Как оказалось, не считал. Да и невозможно порой выделить эту тему в чистом виде. Ведь он чаще всего сознательно избегает фотографичности в отражении «чернобыльского следа», и в его работах почти нет репортерской классики – заколоченных хат, брошенной домашней утвари, то есть всего того, что бросается в глаза при первом взгляде на улицу покинутой деревни. Ассоциации, образы и символы – этим языком он разговаривает со зрителем. 

Вот полотно «На окраине». Простой вроде бы натюрморт, незаметно переходящий в пейзаж, обычные садовые цветы, которых полно в каждом палисаднике. Но почему такой тревогой веет от картины? Только вглядевшись, понимаешь замысел художника. Бывая на родине и проходя через пустыри, которые остались на месте захороненных деревень, он поразился тому, что культурные растения, погребенные под слоем земли, оказывается, не погибли, а поднялись среди зарослей наступающего бурьяна. Они, такие чужие в этом дичающем мире, — последнее, что напоминает о былом присутствии здесь человека. Выживут ли они? Скорее всего, нет. Но как хочется верить, что они дождутся людей! 

Или вот деревня Уласы. Иссушенные страшным жаром дома, выгоревшая природа производят гнетущее впечатление, и это мертвое пятно, отороченное причудливо изогнутым шлагбаумом, которым обычно ограждают зону отчуждения, как бы расползается от центра композиции, подминая под себя многоцветный, живой мир. 

Используя неестественную цветовую гамму, утрированную контрастность изображения там, где такого эффекта в принципе не может быть, он добивается того, что реалистичное по форме полотно смотрится как некий авангардный вызов, крик о помощи. Это можно сказать и о картине «Петухи здесь больше не поют», и о «Сельском клубе», и о «Музыке мертвых струн», и о «Красных деревьях». Один из авторских вариантов последней картины, где красные деревья, символизирующие опаленный радиацией народ, вздымаются над безжизненной пустыней, в которую превратилась обезображенная при дезактивации земля, был в свое время подарен президенту Международного олимпийского комитета Хуану Антонио Самаранчу и сейчас украшает его коллекцию живописи. Многие работы Гордеенко демонстрировались в Германии, Испании, Бельгии, США, других странах и, безусловно, внесли свой вклад в создание у зрителя образа чернобыльской катастрофы, побуждающего к состраданию и помощи. 
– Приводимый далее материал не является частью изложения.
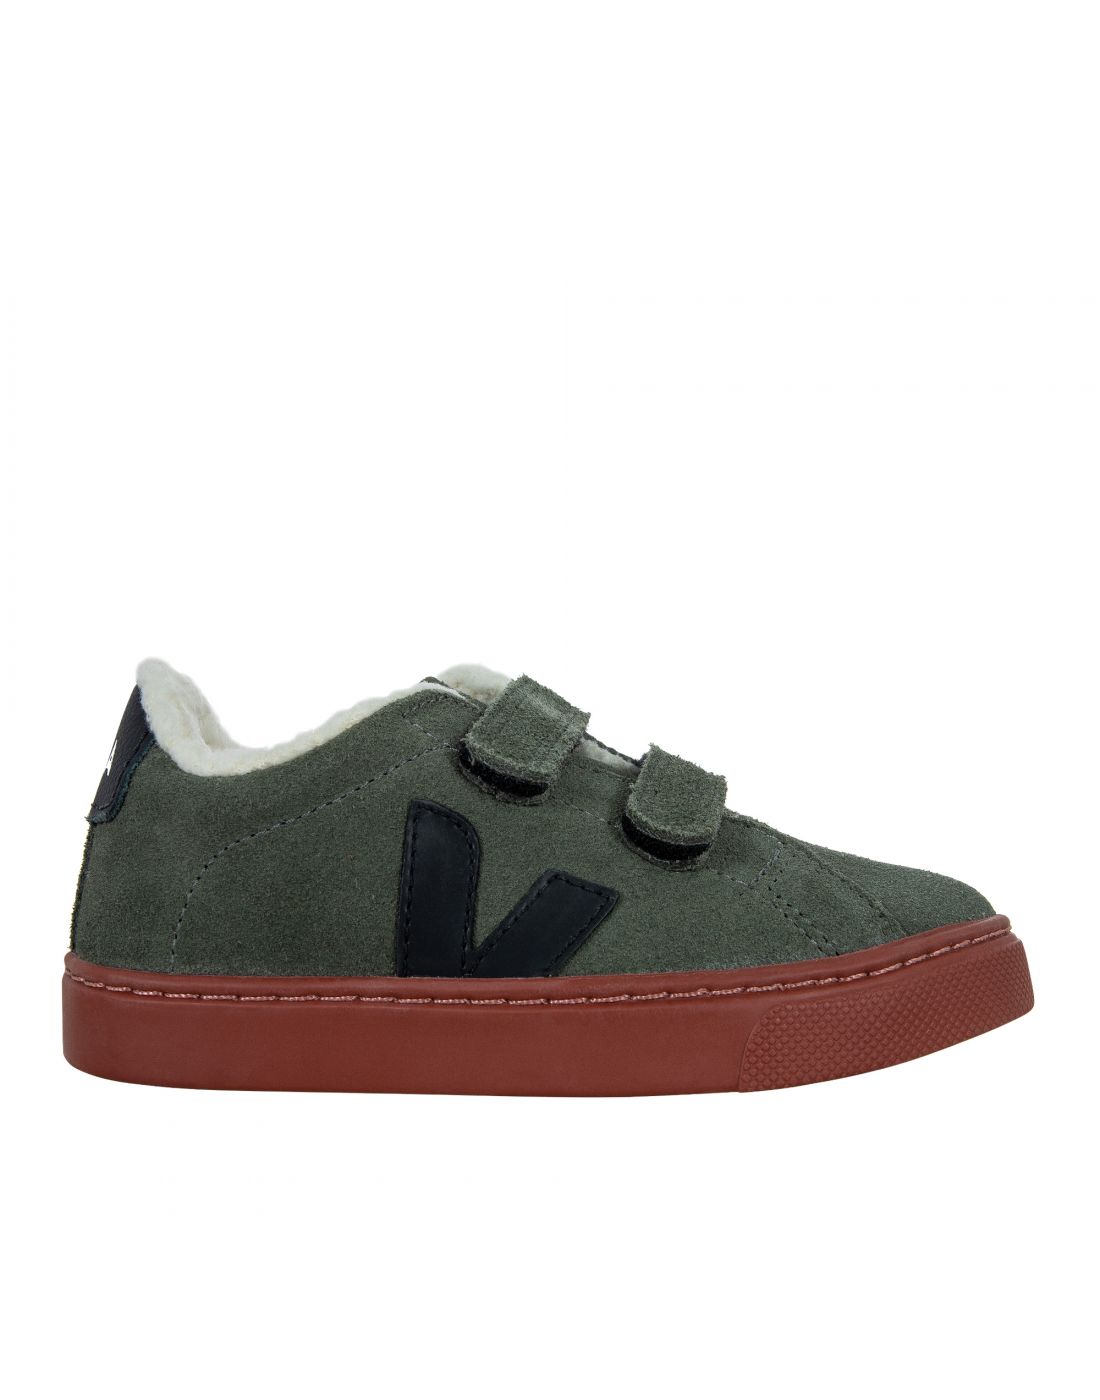 Παιδικά Παπούτσια Sneakers Veja, Veja, 23270407 | LapinKids.com | LAPIN KIDS

Но при всей любви к родной земле, при всей жертвенности своей миссии невозможно бесконечно нести этот крест и постоянно поддерживать трагическую, надрывную ноту творчества. Ведь каждую картину художник пропускает через себя, и никакое сердце не выдержит столь тяжелой психологической нагрузки. Вот почему из поездок по самым пострадавшим уголкам Полесья он привозит и прекрасные пасторальные этюды, которые затем превращаются в пейзажи, где ничто не напоминает о беде. 

Конечно, это случается не потому, что живописец вдруг осознанно решает на какое-то время отдохнуть от тяжелой темы и не замечать, какая опасность исходит от милых просторов. Как и всякий мастер, тонко чувствующий природу, он не может устоять перед красотой родной земли, а потому на холст порой ложится только то, что видит глаз и чему открыта душа. Возможно, именно этот контраст, когда столь разные картины оказываются рядом в «чернобыльской» экспозиции, и производит самое глубокое впечатление на зрителя. 

В долгой творческой жизни художника был и есть не только Чернобыль. Много лет он отдал театру, руководил творческим союзом страны, преподавал в Минском художественном училище, в театрально-художественном институте, а сейчас – в Белорусском государственном университете культуры. Но при любой загрузке он всегда находил время для творчества. Пейзаж, натюрморт и портрет – это его мир, где он достиг совершенства и в который он уходит всякий раз с наслаждением. 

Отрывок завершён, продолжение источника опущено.